To address these gaps, we conducted a population-based survey of Japanese adults to assess PA and SB using accelerometers, with in-person distribution and retrieval of devices and monetary incentives. Based on previous findings that accelerometer study participants tend to be older, female, and healthier than the source population [8–11], we were particularly interested in whether similar patterns of selection bias emerged under our in-person, incentivized protocol. The aims of this descriptive study were threefold: (1) to quantify response and adherence rates; (2) to examine the participant representativeness by comparing their sociodemographic characteristics with national census data; and (3) to characterize the reasons and factors associated with participation and non-participation. Our findings are expected to inform the design of efficient and practical protocols for future device-based surveys.
Materials and methods
This study adhered to Strengthening the Reporting of Observational Studies in Epidemiology (STROBE) guidelines (S2 Table).
Participants
This cross-sectional, population-based survey utilizing accelerometers was conducted in three major metropolitan areas of Japan in October 2023. Participants were Japanese adults aged 20–79 years, randomly selected through stratified sampling from the Basic Resident Registers. Specifically, participants were selected from three metropolitan regions encompassing 13 prefectures: Tokyo (Tokyo, Kanagawa, Chiba, Saitama), Chukyo (Aichi, Gifu, Mie), and Hanshin (Osaka, Kyoto, Nara, Hyogo, Wakayama, Shiga). These regions were further stratified into four categories based on population size: towns and villages, cities with fewer than 100000 residents, cities with 100000 or more residents, and the special wards of Tokyo and ordinance-designated cities.

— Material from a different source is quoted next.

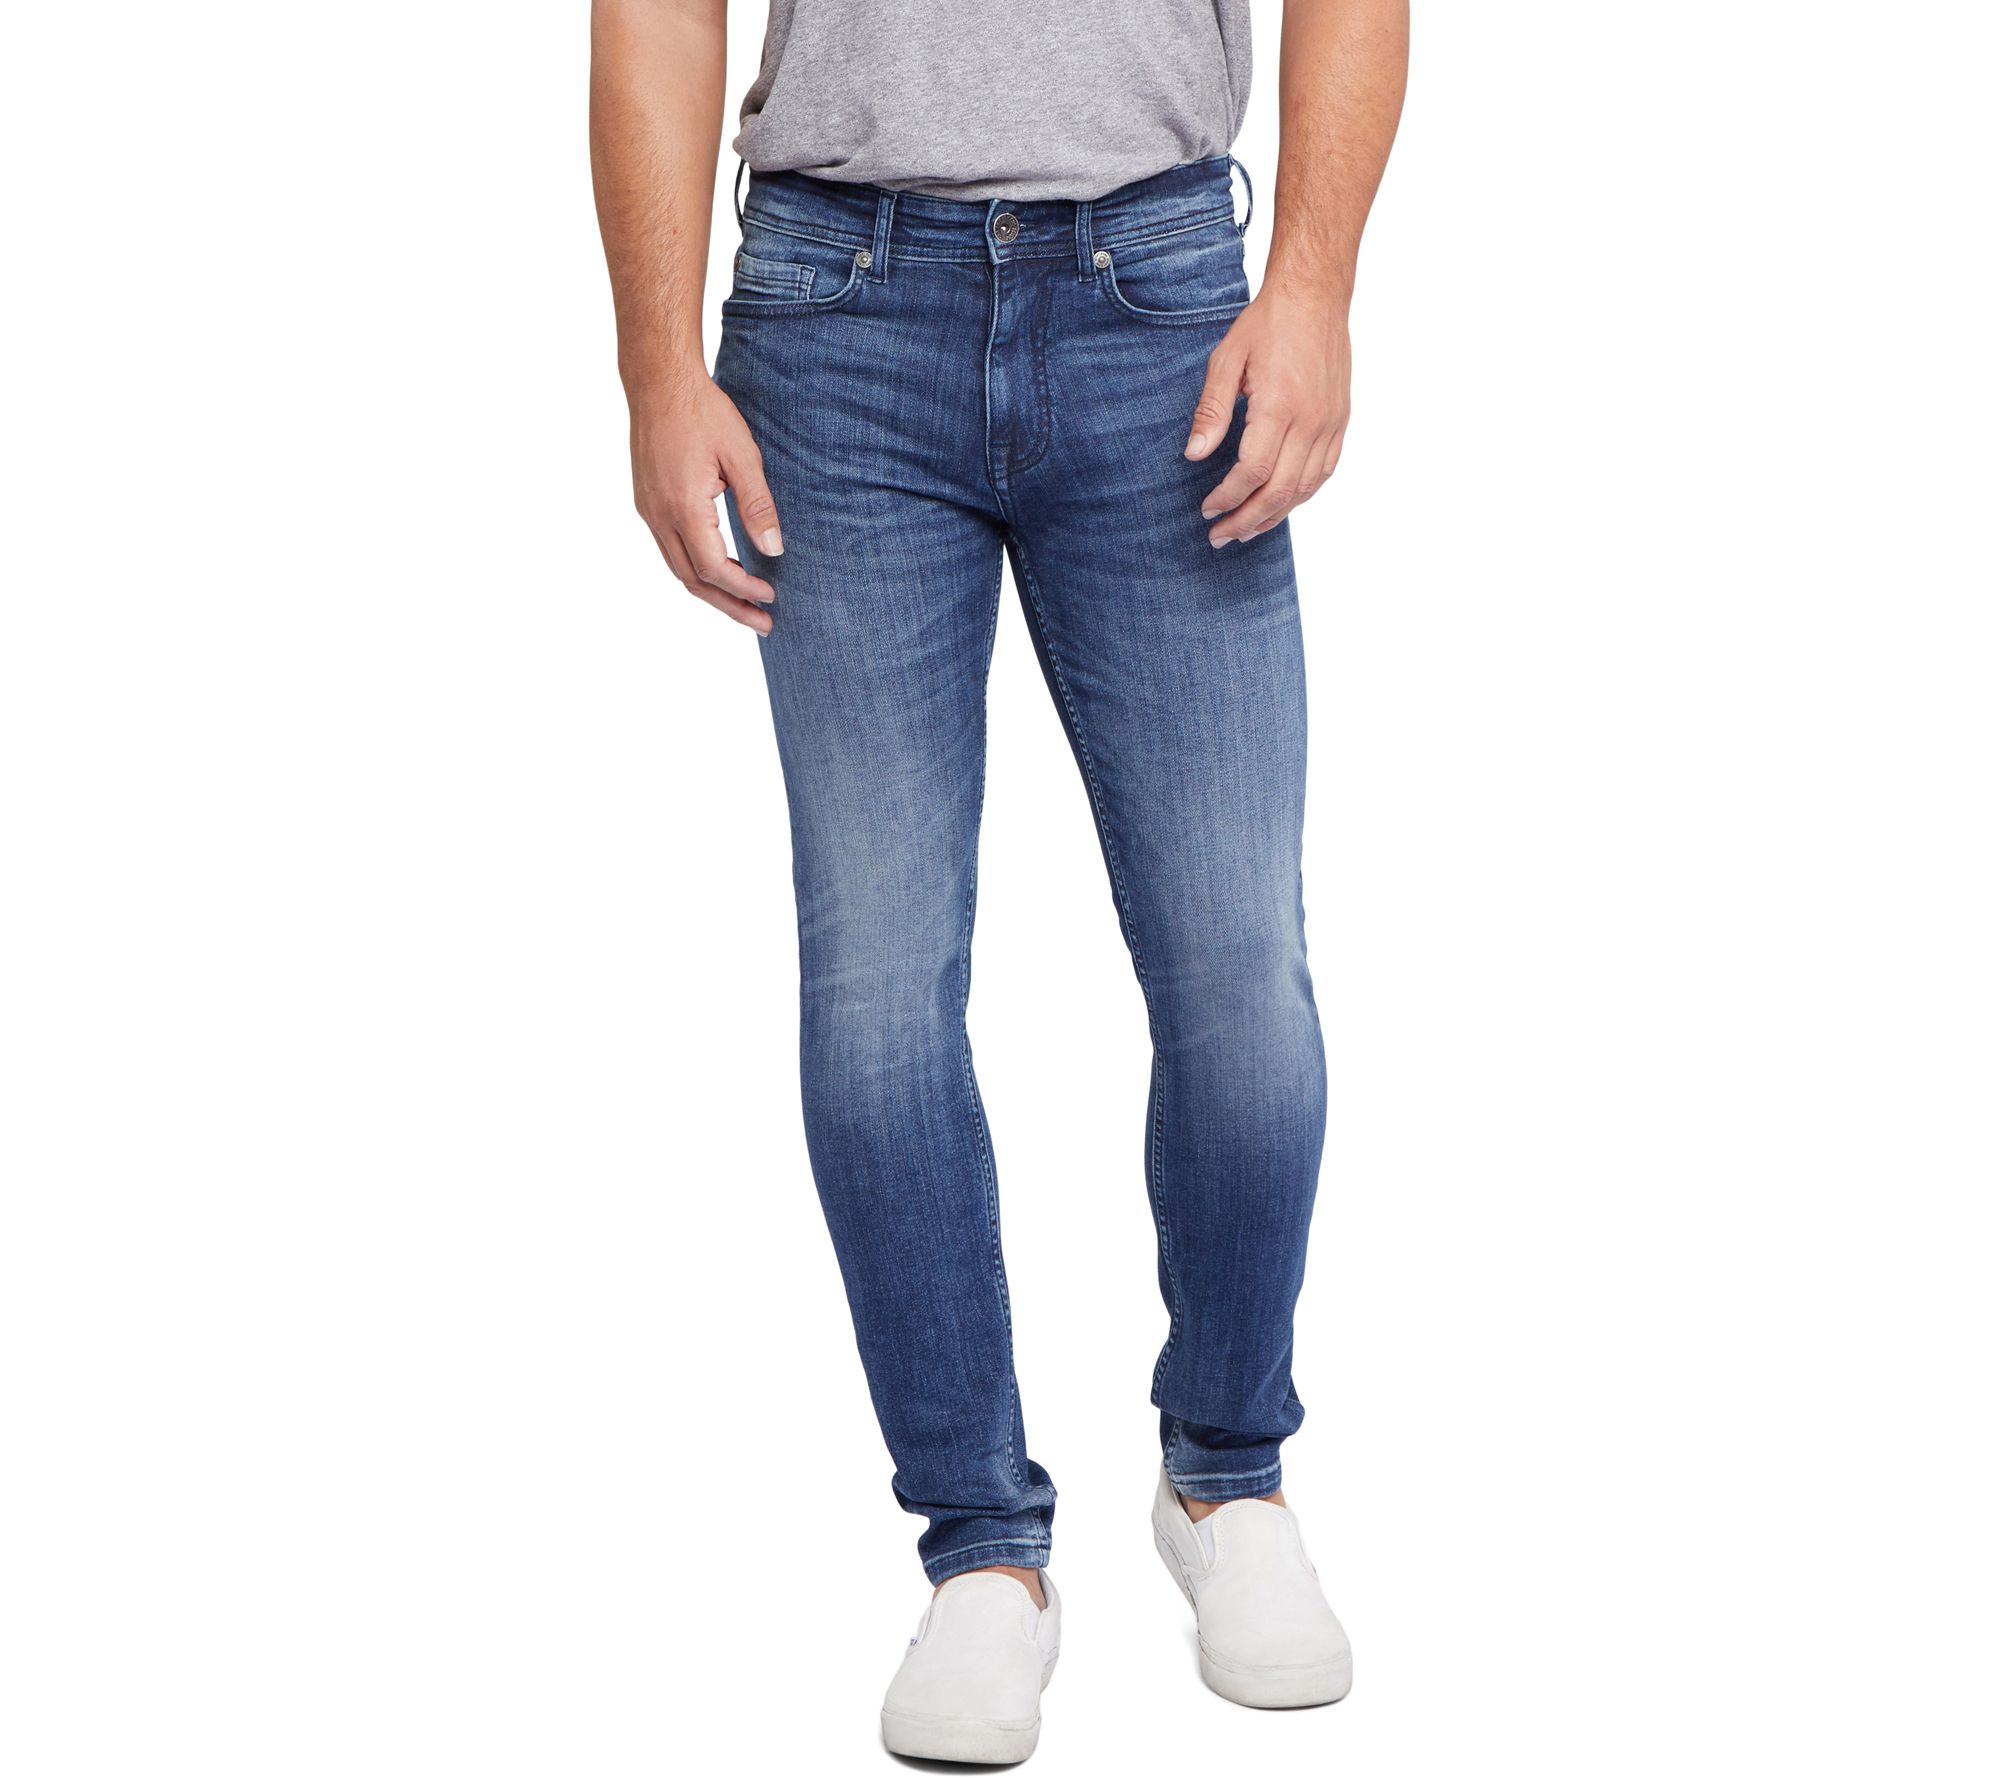 Seven7 Mens Super Slim 5 Pocket Jean in Belmore Wash - QVC.com

This stratification yielded 12 divisions (3 regions × 4 city sizes). Sampling quotas were proportionally allocated to each division based on population size, and participants were recruited from 50 sites (cities, towns, and villages). From each site, 13 individuals were randomly selected from the Basic Resident Registers, yielding a total of 650 invited participants. Written and oral informed consent was obtained from all participants. This study protocol was approved by the Ethics Committee of the Physical Fitness Research Institute, Meiji Yasuda Life Foundation of Health and Welfare (approval number: 2023−0004).
Surveillance methods
Data collection followed a drop-off/pick-up method, in which trained investigators visited the homes of potential participants to deliver the accelerometer and questionnaire and later returned to retrieve them. The recruitment period was from October 21 to November 12, 2023. Prior to the home visit, each potential participant received a postcard notifying them that a trained investigator would visit their home during a specified period. If the participant was not available during the initial visit, investigators made up to 11 additional visits (mean: 3.2 visits per participant) to establish contact. Investigators (n ≈ 50) visited participants’ homes, explained the study procedures, and asked them to wear an accelerometer and complete a questionnaire. As an incentive for participation, respondents received (1) a 5000-yen QUO card (a prepaid gift card widely used in Japan), provided upon completion of the study protocol when investigators returned to collect the materials, and (2) personalized feedback on their PA and SB results, upon request. The conditional incentive was designed to encourage both initial participation and adherence to the accelerometer wear protocol. Several weeks later, investigators returned to collect the materials and deliver the incentive. A call center was available throughout the survey period to respond to participant inquiries.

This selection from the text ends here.